Over the last two decades there have been enormous efforts to mobilize biodiversity data, which have resulted in the availability of massive amounts of published data that can be readily discovered, accessed and freely used for onward applications. The process of building meaningful EBVs that can inform indicators needs data that can be reliably tracked across not just organism, space and time but also provenance; the latter includes relevant, complete and searchable metadata about the inventory process and the methods that produced those data. Much of the data shared through biodiversity data platforms lack one or more of those four components, which limits or excludes their use in the creation of EBVs and biodiversity indicators. Furthermore, much of the data currently shared correspond to incidental records and lack any defined inventory or survey methods.

For EBVs that use multi-variable analyses to aggregate and homogenize data across species, space and time, a taxon name, an event date and a set of coordinates are not enough to account for any bias or deficiencies in the available data.
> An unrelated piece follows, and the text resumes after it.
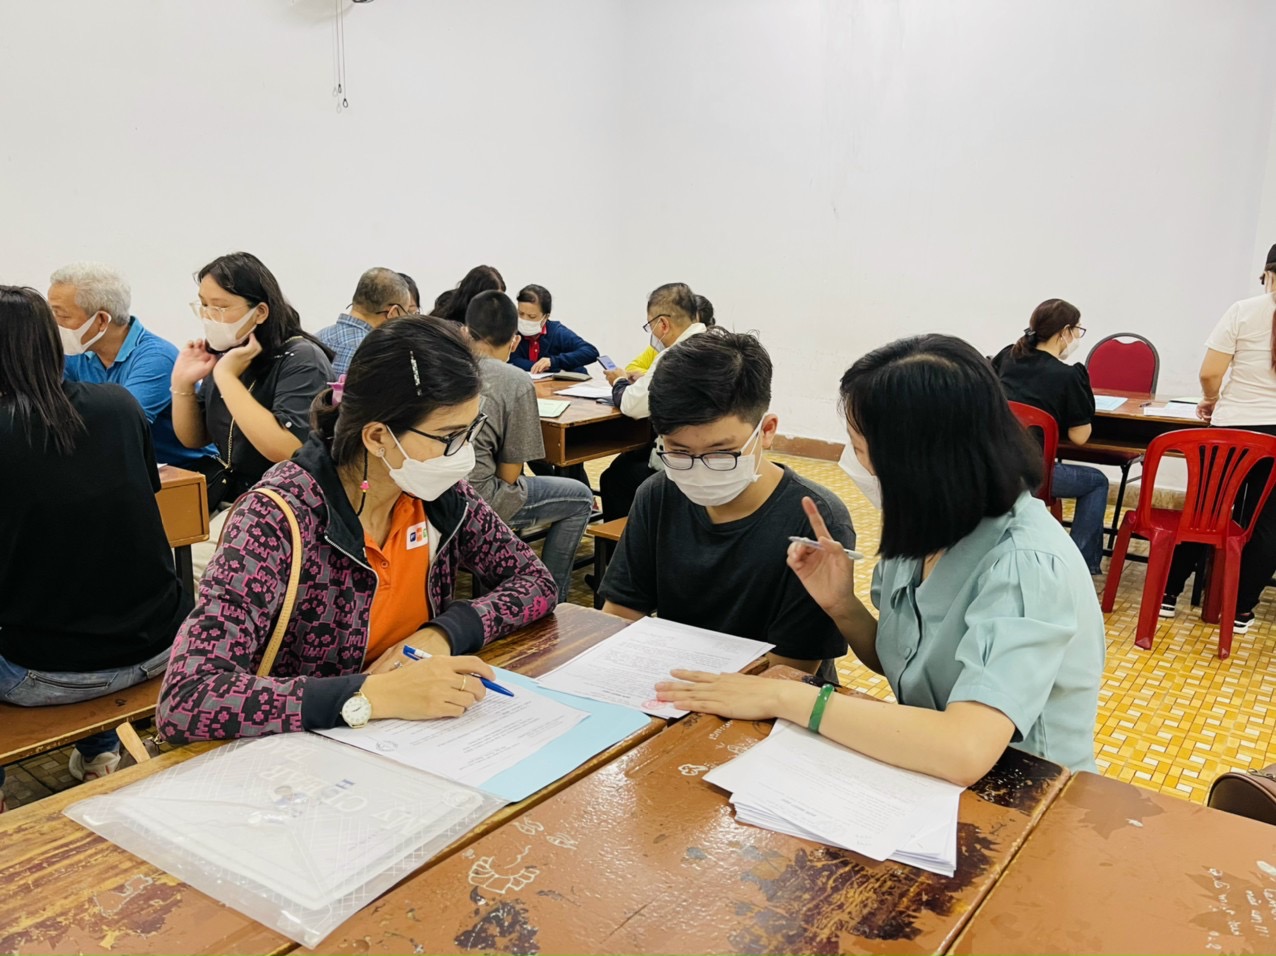 Giám đốc Sở GD-ĐT TPHCM Nguyễn Văn Hiếu yêu cầu trường học rà soát lại học sinh gặp khó khăn về SGK để có hình thức hỗ trợ

One way to help to overcome these biases is to publish occurrence and event records with metadata that describes the collection methodology and processes that are as rich as possible. However, this type of correction will only be useful for certain types of analyses. Many species occurrence records that represent only the presence of the species (i.e. incidental records) will still not be useful for EBVs that must account for data that enables inference about absence of species. For these EBVs, well-documented monitoring or inventory event data is needed.

As more monitoring data becomes available, expanded best practice guidelines should include, but may not be limited to, how to share quality metadata containing details of the sampling methods employed, the scope, and descriptions and provenance of the collected data. To make this practical, biodiversity data platforms will need to review and amend current data-sharing standards and practices, and upgrade their infrastructures to host and display new types of data and data formats such as is the case with GBIF´s ongoing consultation to review its current data model. An example of a new standard that is under review for implementation is the Humboldt extension to Darwin Core (Guralnick et al. 2017, Sica & Zermoglio 2021). Furthermore, data publishing institutions could be encouraged to create “sub-collections” of their data that meet these metadata requirements that they could publish separately from their larger corpus of data. An increased focus on the publication of past and current monitoring and inventory datasets with the expressed purpose of supporting EBV and biodiversity indicator creation would require strengthened ties with the research and monitoring communities that produce those data.

A key aspect is that the primary mechanisms for collecting useful data on biodiversity have changed over time. I see three overlapping eras:

  1. SPECIMENS - Prior to the middle of the 20th century, the vast majority of information we have on biodiversity comes from the work of collectors. A small workforce delivered data collected primarily from the most accessible locations (no sampling methodology) but with very broad taxonomic scope. The model could never scale to deliver planetary modelling but gives us our earliest useful data.
  2. HUMAN OBSERVATIONS - From the 20th century onwards, the vast bulk of our data is from field observations either by professional scientists (ecologists, etc.) or volunteer efforts (bird atlases, bird banding/ringing, citizen science, etc.). The taxonomic scope is often narrower than with specimen collection, but (for the taxa that can be recorded by amateur naturalists) data volumes can be very large (though often still with insufficient thought given to sampling methodology).
  3. MACHINE OBSERVATIONS - We are near the beginning of a third era, in which the simplest, most cost-effective and scalable way to collect biodiversity data will be through machine solutions: eDNA, AI processing of webcam, UAV and satellite images or of acoustic recordings, etc. Such methods are much more amenable to broad-scale sampling approaches and can (at least with eDNA) cover most organism groups.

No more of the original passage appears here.